*** Provided data

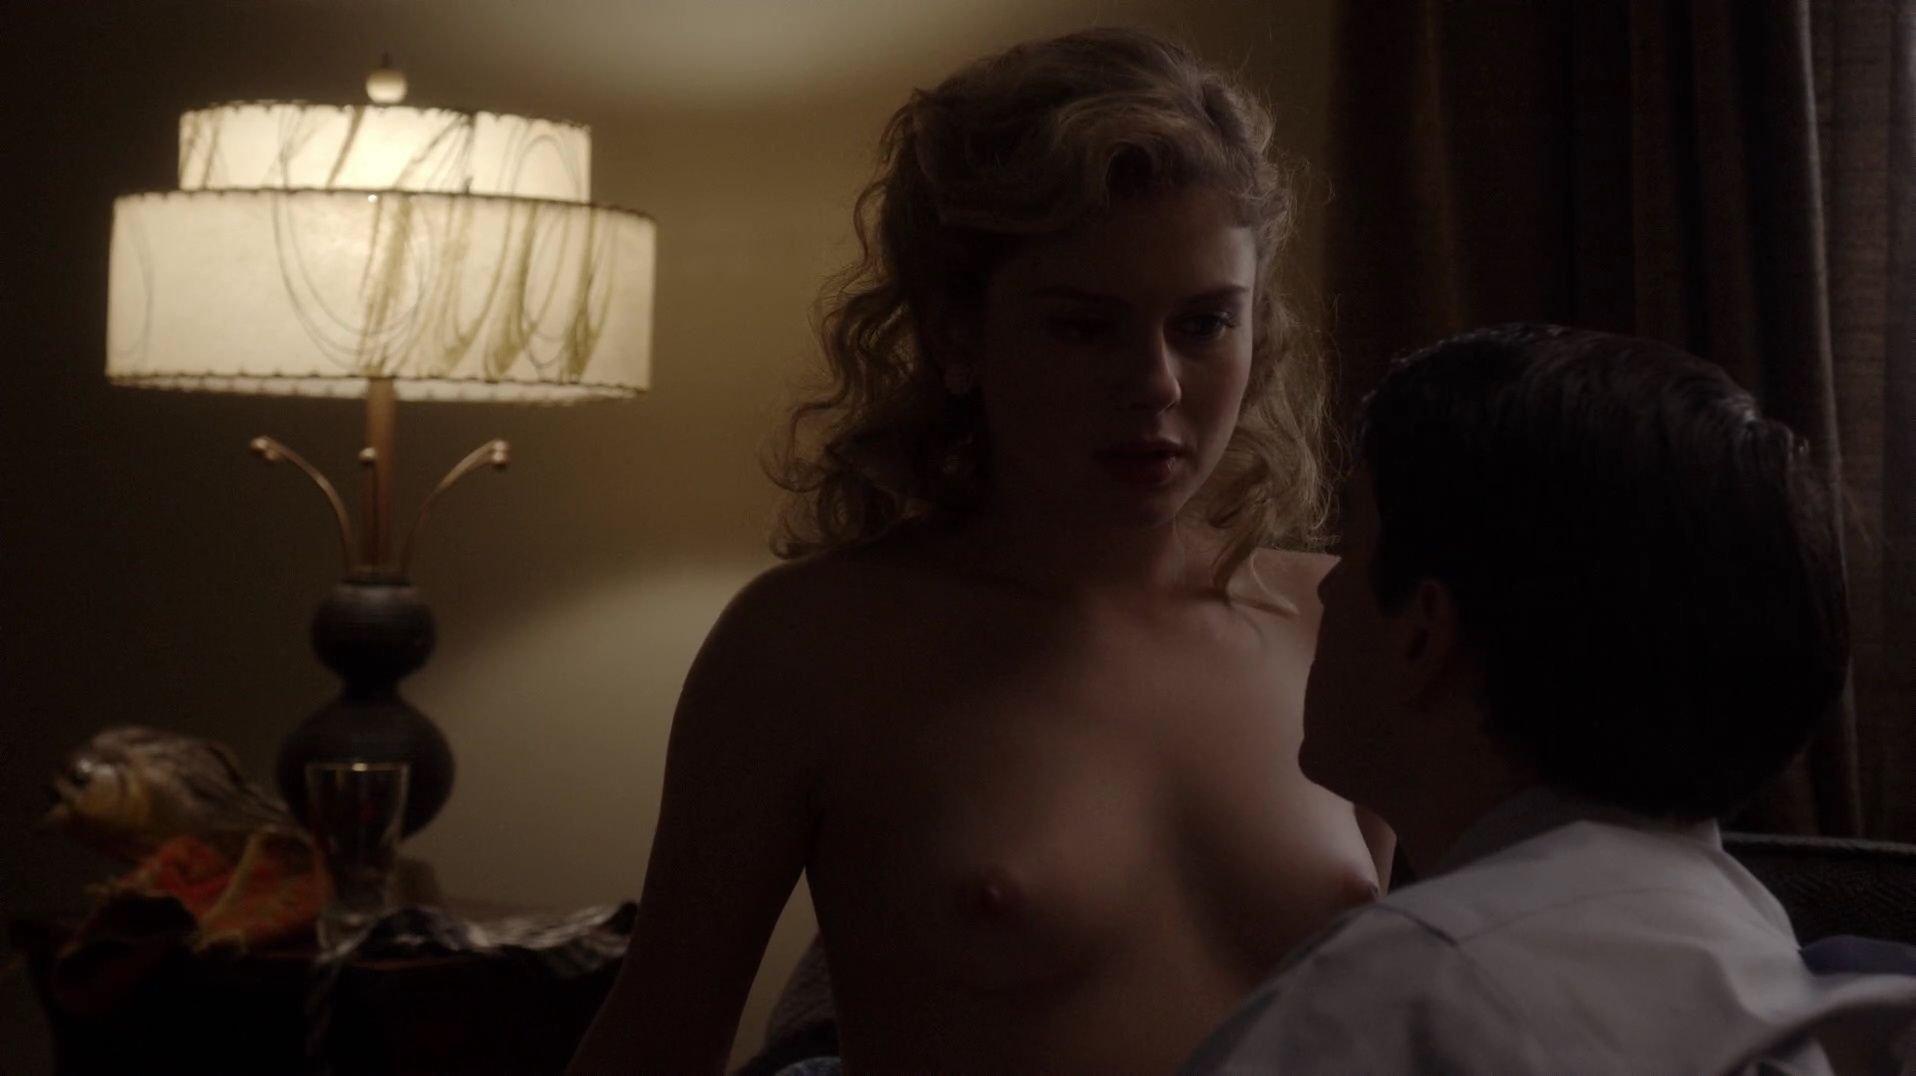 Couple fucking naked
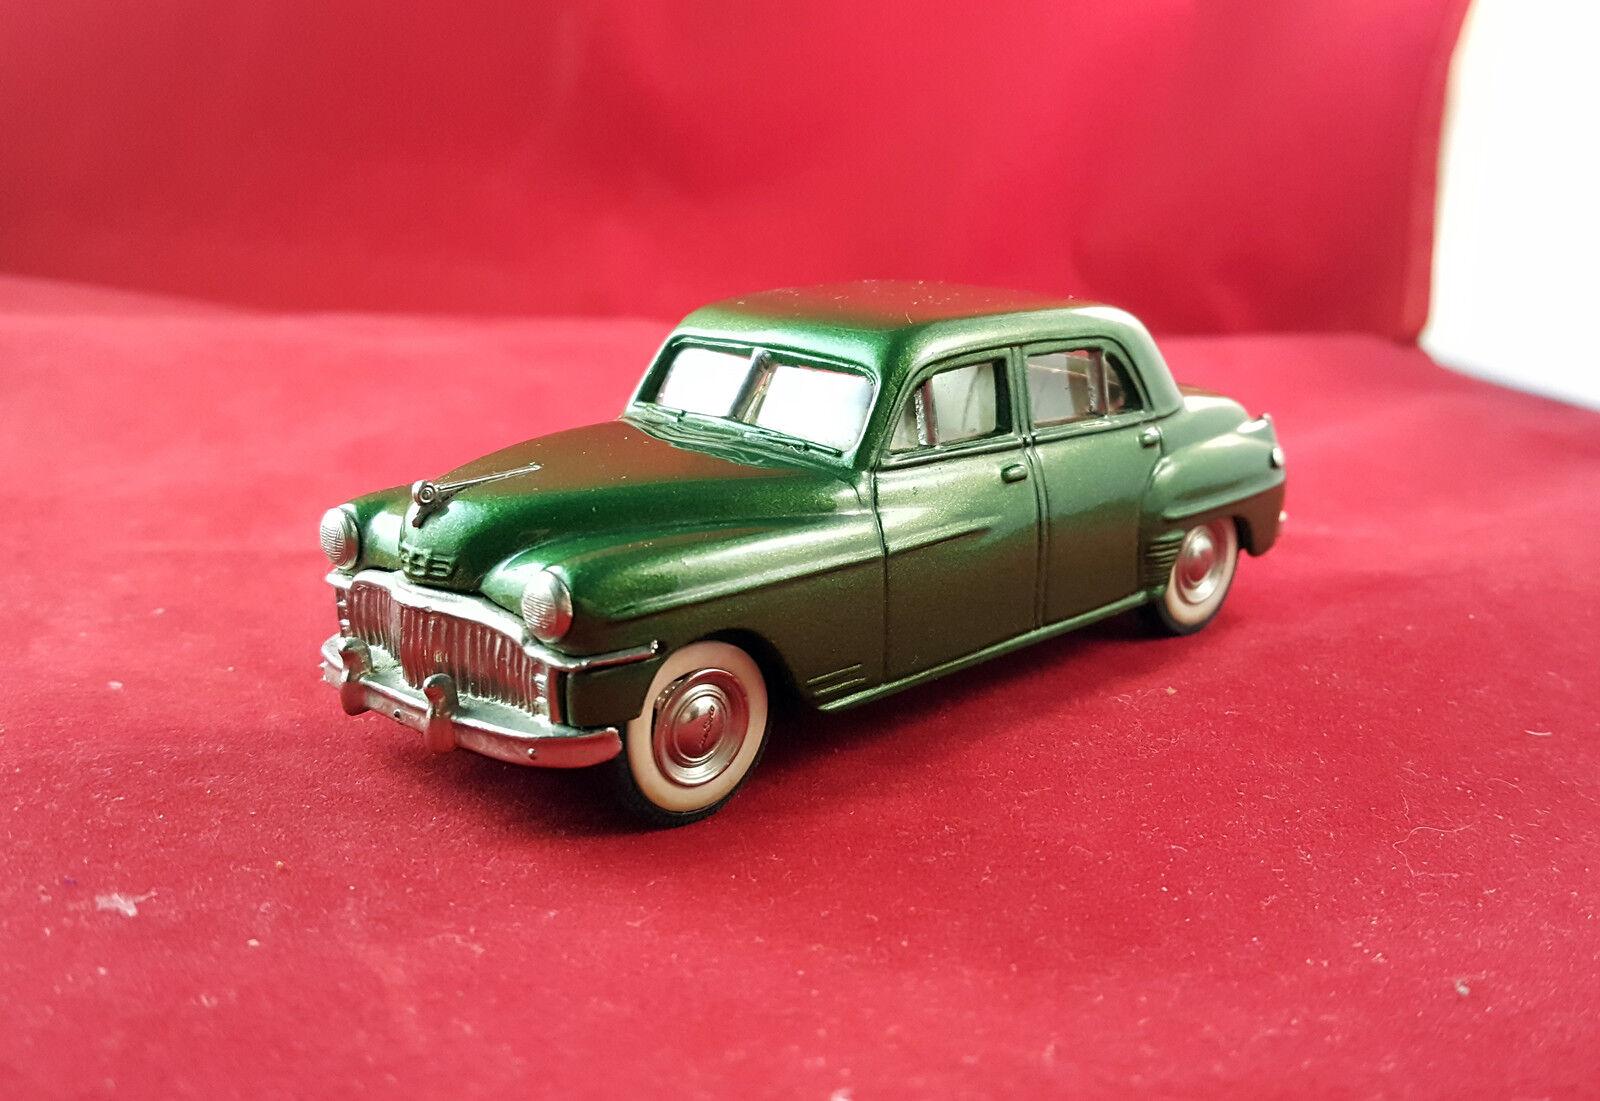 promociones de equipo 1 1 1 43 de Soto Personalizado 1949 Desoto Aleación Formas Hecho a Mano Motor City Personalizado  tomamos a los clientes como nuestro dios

******
*** Provided data

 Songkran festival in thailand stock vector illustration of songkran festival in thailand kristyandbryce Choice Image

******

**How to complete this task**
Transcribe only the lines above that start at the line containing "Couple fucking naked" and end at the line containing "promociones de equipo". Omit pictures.

**Exercise solution**
 Couple fucking naked
 promociones de equipo 1 1 1 43 de Soto Personalizado 1949 Desoto Aleación Formas Hecho a Mano Motor City Personalizado  tomamos a los clientes como nuestro dios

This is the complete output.